By David Oates
Most of us have seen the announcement by XETV regarding the end of its English-language news programming after March 31. There are some experienced, highly talented, television journalists over there who will soon be counted among the unemployed. It’s sad in many respects.
One big respect is that I believe this is only the beginning.
Here’s why. Ratings are falling across the board for local news as audiences turn toward social media to learn about breaking stories. This trend is being felt not just in Southern California, but nationwide. The Pew Research Center cited that the average weekday newspaper circulation fell 7 percent in 2016, the most in six years. This drop was due entirely to print circulation, which declined by 9 percent, while digital circulation increased by only 2 percent.
The Pew Research Center also noted that local TV newscasts experienced a nationwide drop in viewership in all timeslots during the same time period. What’s more, the audience for local TV tends to be older, which means that their market will ultimately age out.
Exacerbating the demise of local news is the ability for stations to provide multiple channels within their FCC license. Take CW6 for instance. The station lost its affiliate relationship to KFMB that will now operate two separate stations — CBS on 8.1 and a new CW channel on 8.3 — in addition to their MeTV programs on 8.2 utilizing essentially the same infrastructure system.

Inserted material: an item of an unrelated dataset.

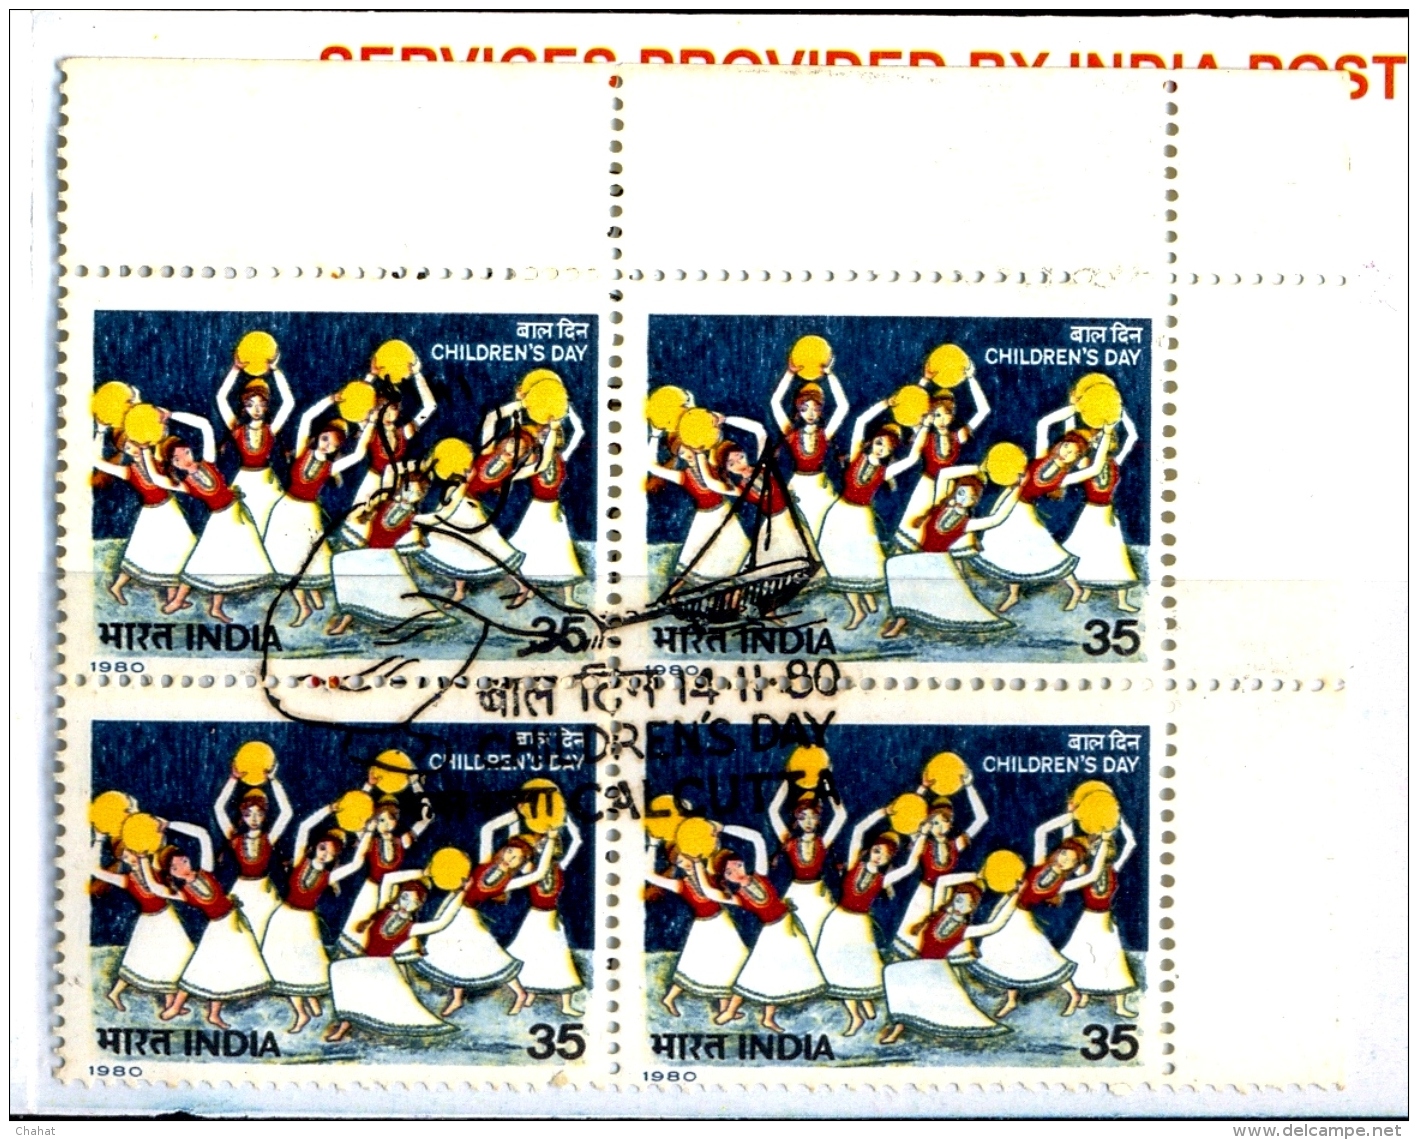 CHILDRENS DAY-1980-INDIA POSTAGE GREETING CARD WITH EVENT CANCELLATIONS &amp; BOOKLET-ERROR-EXTREMELY SCARCE-MNH-M-159

News programming for all these stations will come from the same source. KPBS is doing the same, operating four different stations within their Channel 15 license.
You can expect more of this in the years to come, and it will accelerate as networks struggle with keeping affiliates happy while offering their programming directly to consumers via online streaming services. Since local stations will no longer have exclusive rights to their content, I predict that the CBSs, NBCs and ABCs of the world will attempt to appease the relationships by releasing them from the obligation to stand up an expensive — and often unprofitable — news department.
I would not at all be surprised if San Diego sees its television news options cut in half to as little as three by the late 2020s. Though other stations may continue to utilize a news format, their content will be almost exclusively advertorial driven.
What this means for organizations seeking to generate awareness with local audiences is a re-commitment to “being their own broadcaster.” Blog pages on corporate sites will need to be “supersized” into dynamic, entertaining, educational, non-promotional content complete with video segments. Distribution will come from social media, email and strategic pay-per-click initiatives.
Best of all, the cost to create this kind of station is nearly free or, at the very least, a minimal expense. Gone are the days when buying an expensive camera and editing equipment was required to put together a regular stream of programming.
If done right, the results can be overwhelmingly positive. That’s because while their reach will be less than the total TV audience they used to target, the quality of their audience and ability to engage them will be far greater than ever before. In return, companies could see an even better return on their marketing investment.
So while we mourn the passing of one of the quality news stations in town, we should not lose sight of the opportunities this presents to organizations looking to generate good buzz.